# naples, marco island fl.



## fishdontbite6 (Apr 12, 2004)

Going to be in the marco island area in mid march, any body used any good charters offshore or other? how about fishing in the canals or the beach areas? just have a free day would love to catch a few fish !! thanks


----------



## Richman (Sep 1, 2007)

Sent you an e-mail

Rich


----------



## MikeC (Jun 26, 2005)

Uncle Tony's party boat, just got back, weren't really biting due to very cold snap, but everybody caught a half dozen grey snapper each, couple guys pulled grouper, I missed one. He's out of Ft.

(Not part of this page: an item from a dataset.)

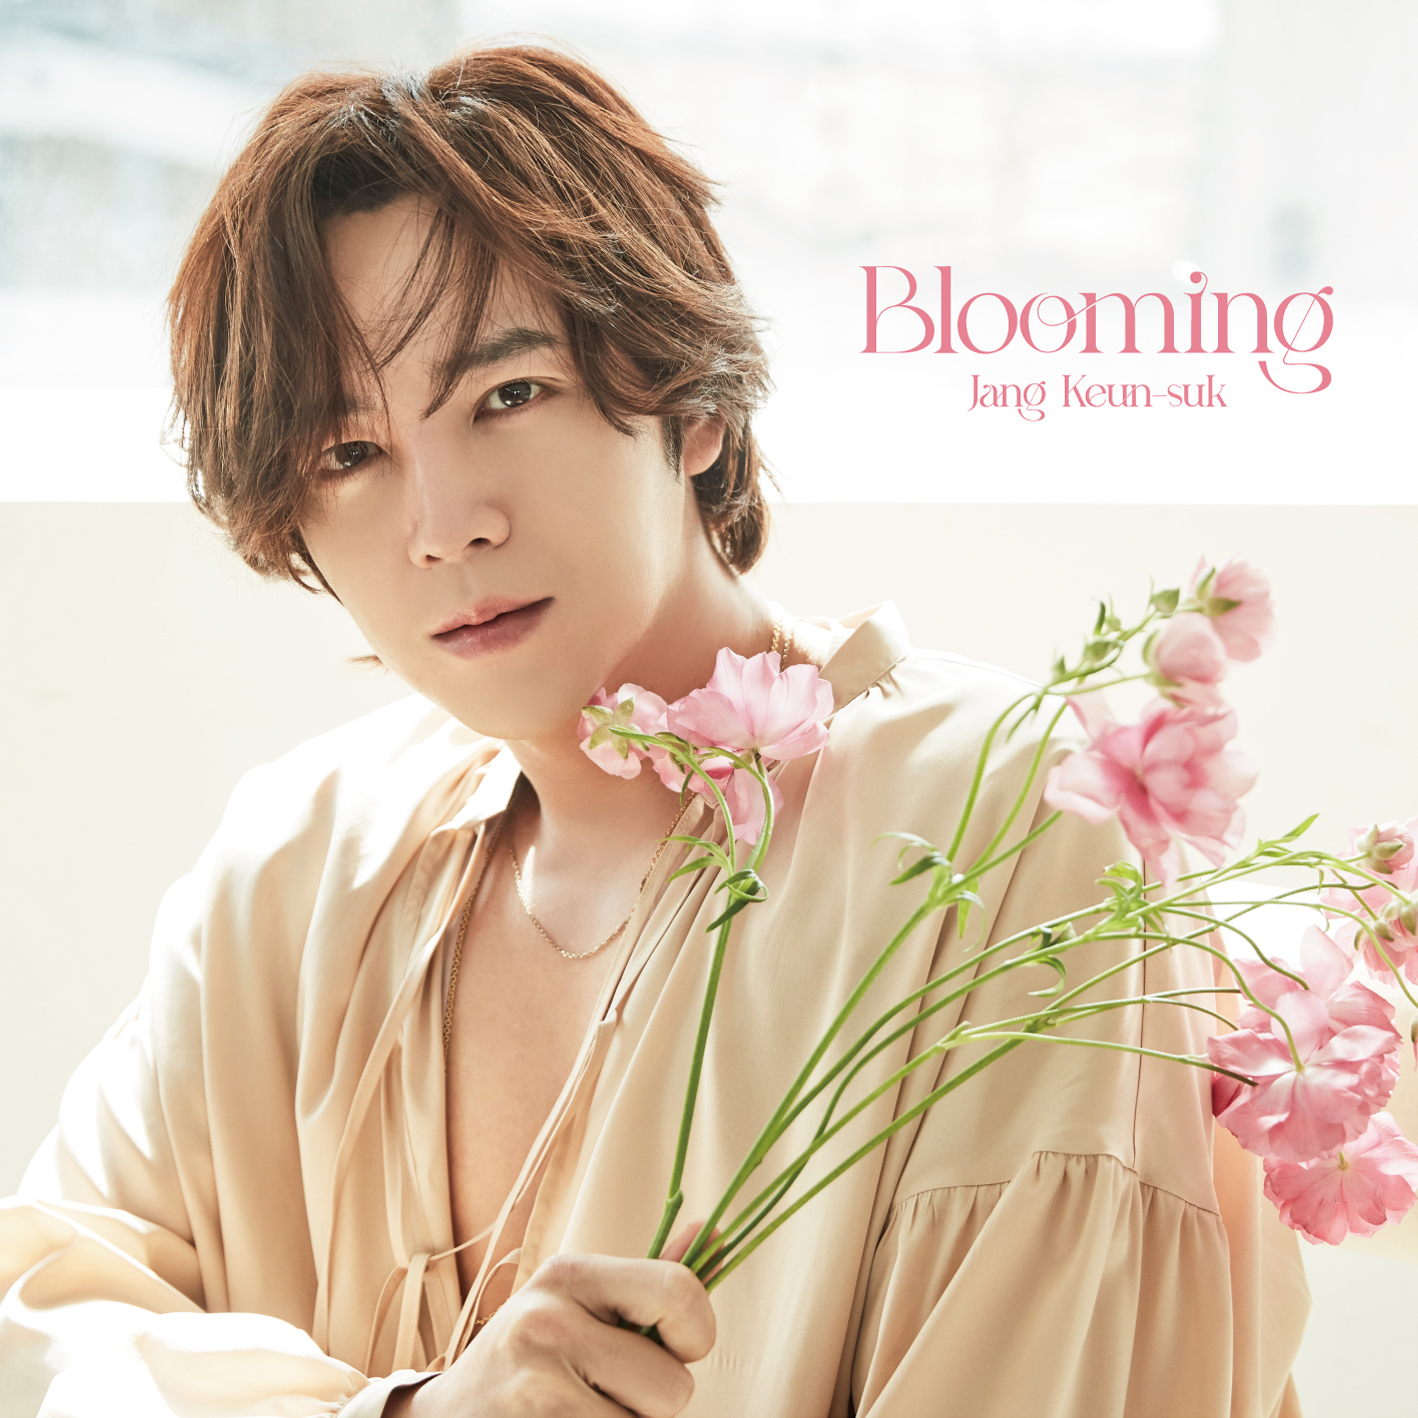 チャン・グンソク - Blooming [初回限定A] | 韓国エンタメグッズ

Myers getaway marina.


----------



## NewbreedFishing (Apr 15, 2004)

do you mean capt. tony's?
my friend uses him alot...he also found another boat at the same ft. myers harbor that has 2x the engine and gets u out to the fish with the quickness.






MikeC said:


> Uncle Tony's party boat, just got back, weren't really biting due to very cold snap, but everybody caught a half dozen grey snapper each, couple guys pulled grouper, I missed one. He's out of Ft. Myers getaway marina.


----------



## MikeC (Jun 26, 2005)

Yeah, that's him, lol


----------



## wanderin_eyes (Jan 14, 2009)

Drive up to Sanibel Island and you can get reds Peir are good for sheephead. the salt watet ones are good to eat just don't lips them. lol The bridge going onto Marco has a fishing pier right under it. I lived in the Marco/Napels area for a few years. Also right besde the snook inn theres a spot to fish, or use to be, you could cast right out into the channel


----------



## HappySnag (Dec 20, 2007)

naples fishin peer is good Free,you can catch ,makro,pampino,amber jack and some snook.

snag


----------



## catmando (Aug 21, 2006)

Thats a great time to catch sheephead on any rock structure or bridge or inlet jetties. The limit is 15 and over 12", great to eat, and a ton of fun on light spinning gear!


----------



## wisguy (Feb 1, 2011)

I have tried barhopp'r guide service up near fort myers on pine island sound. I caught reds, grouper, snook and a 4ft shark. Butch was a great guide. He is doing guided kayak trips now.


----------